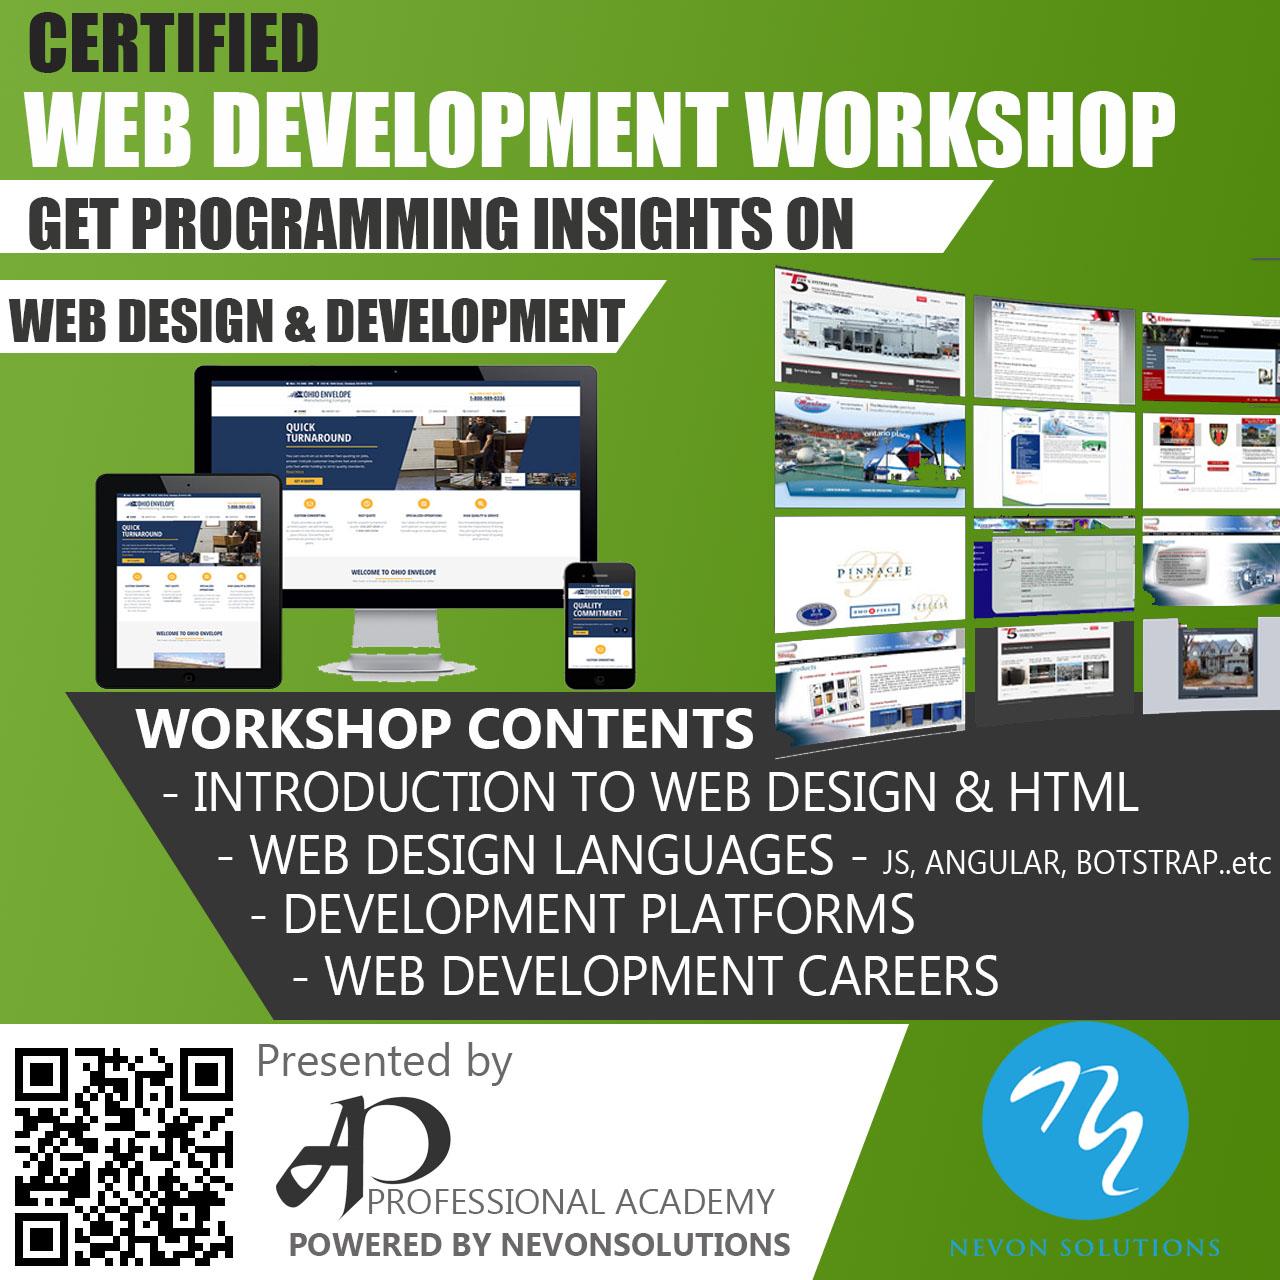 nevon Web development workshop
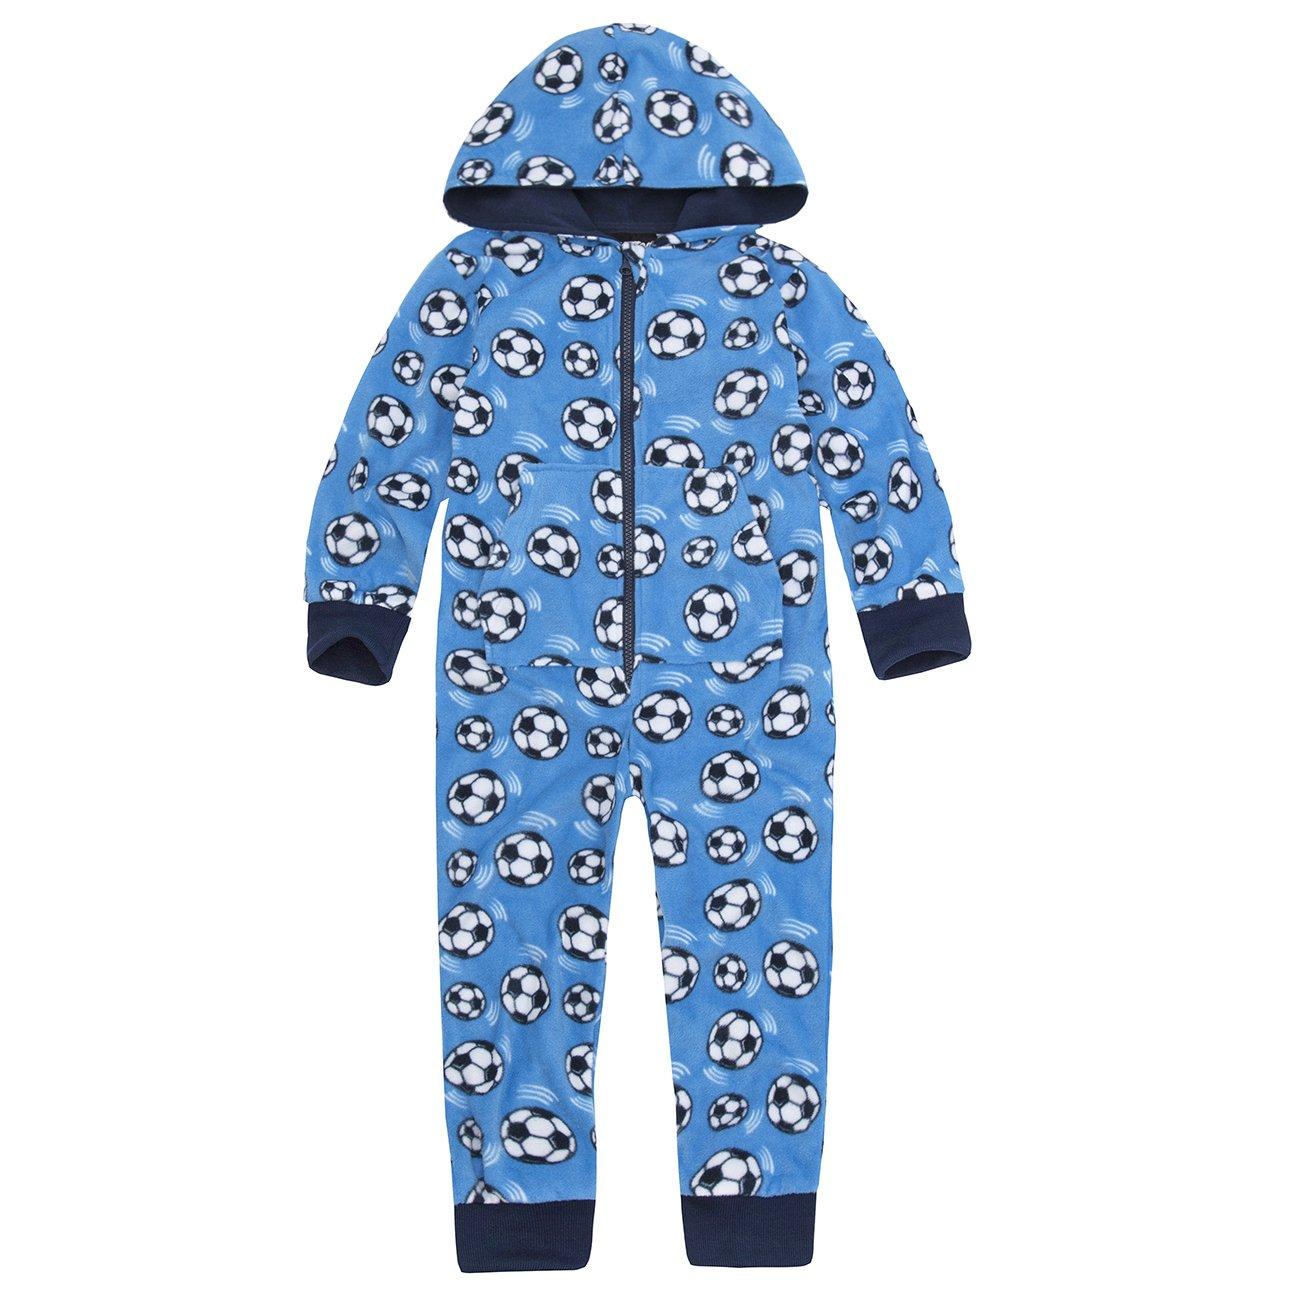 Onezee Kids Boys Fleece Jumpsuit (Sizes 2-6 Years) Hooded Football Pyjamas
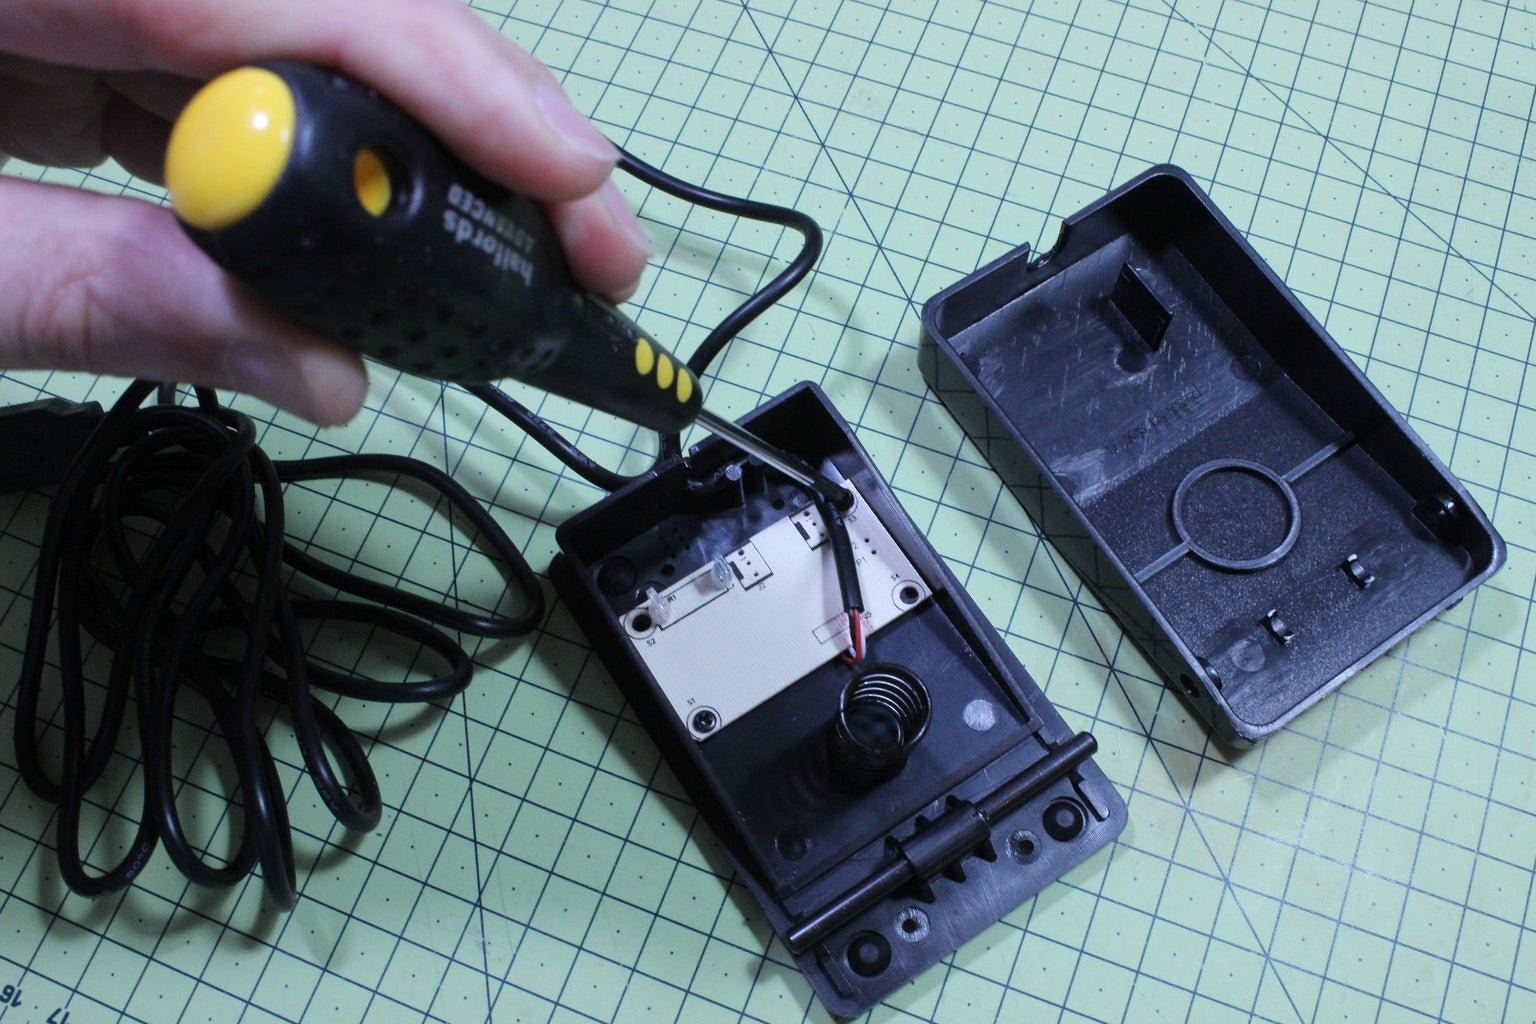 Prepare the USB Foot Pedals
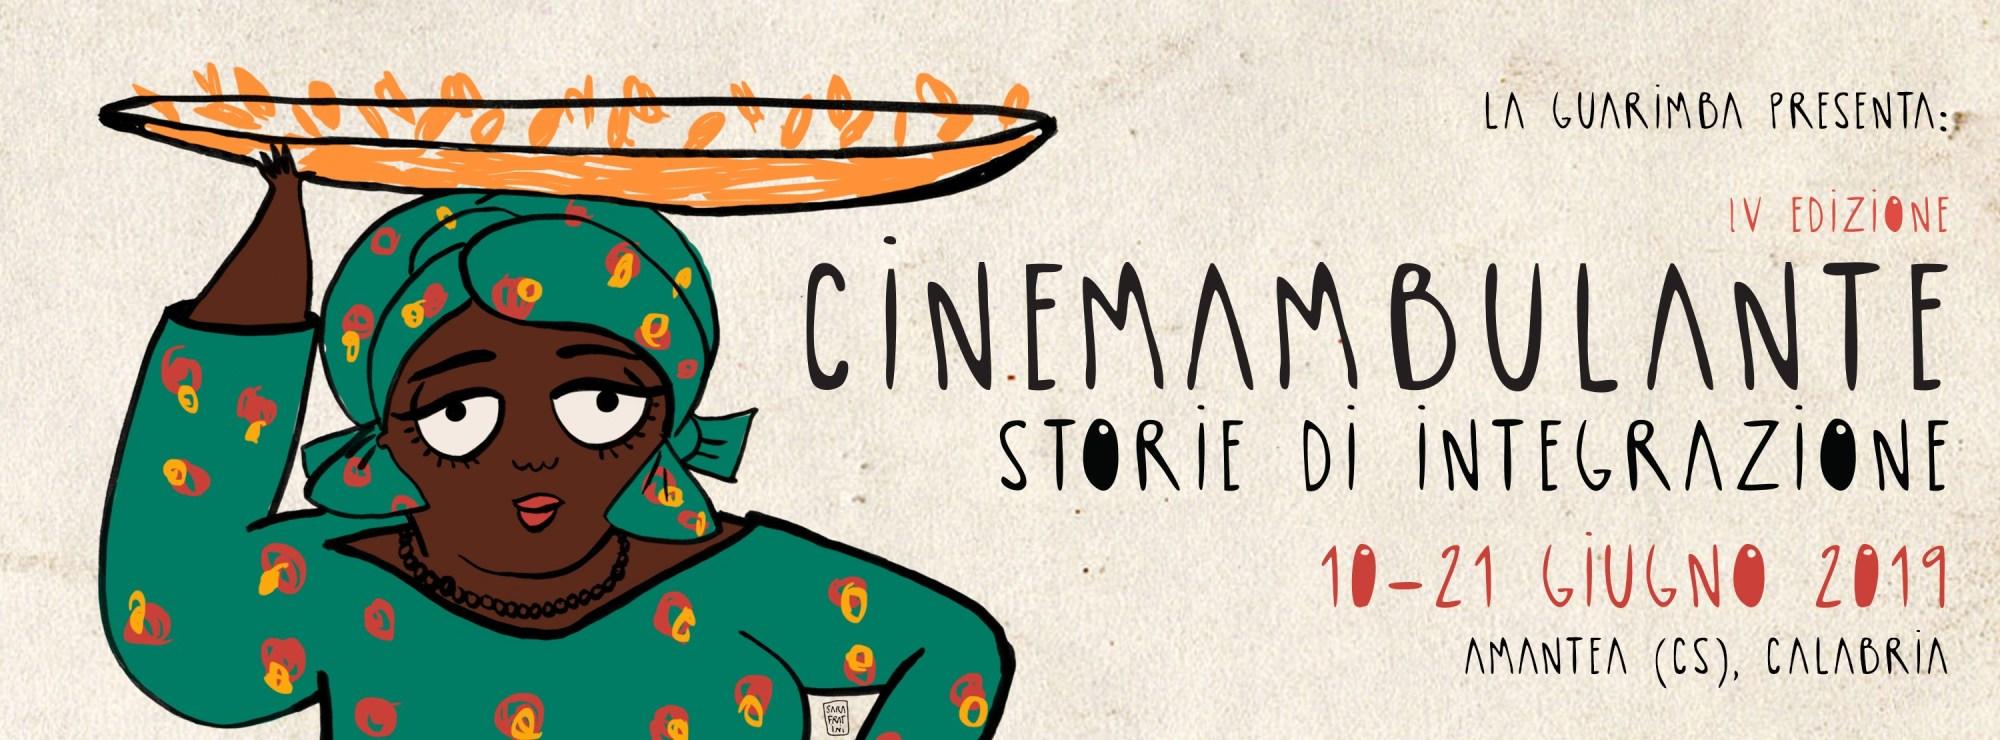 Cinemambulante iv
_____
What needs to be done
Every line above is to be repeated exactly, but no picture is to appear in the copy.

Solution to the exercise
 nevon Web development workshop
 Onezee Kids Boys Fleece Jumpsuit (Sizes 2-6 Years) Hooded Football Pyjamas
 Prepare the USB Foot Pedals
 Cinemambulante iv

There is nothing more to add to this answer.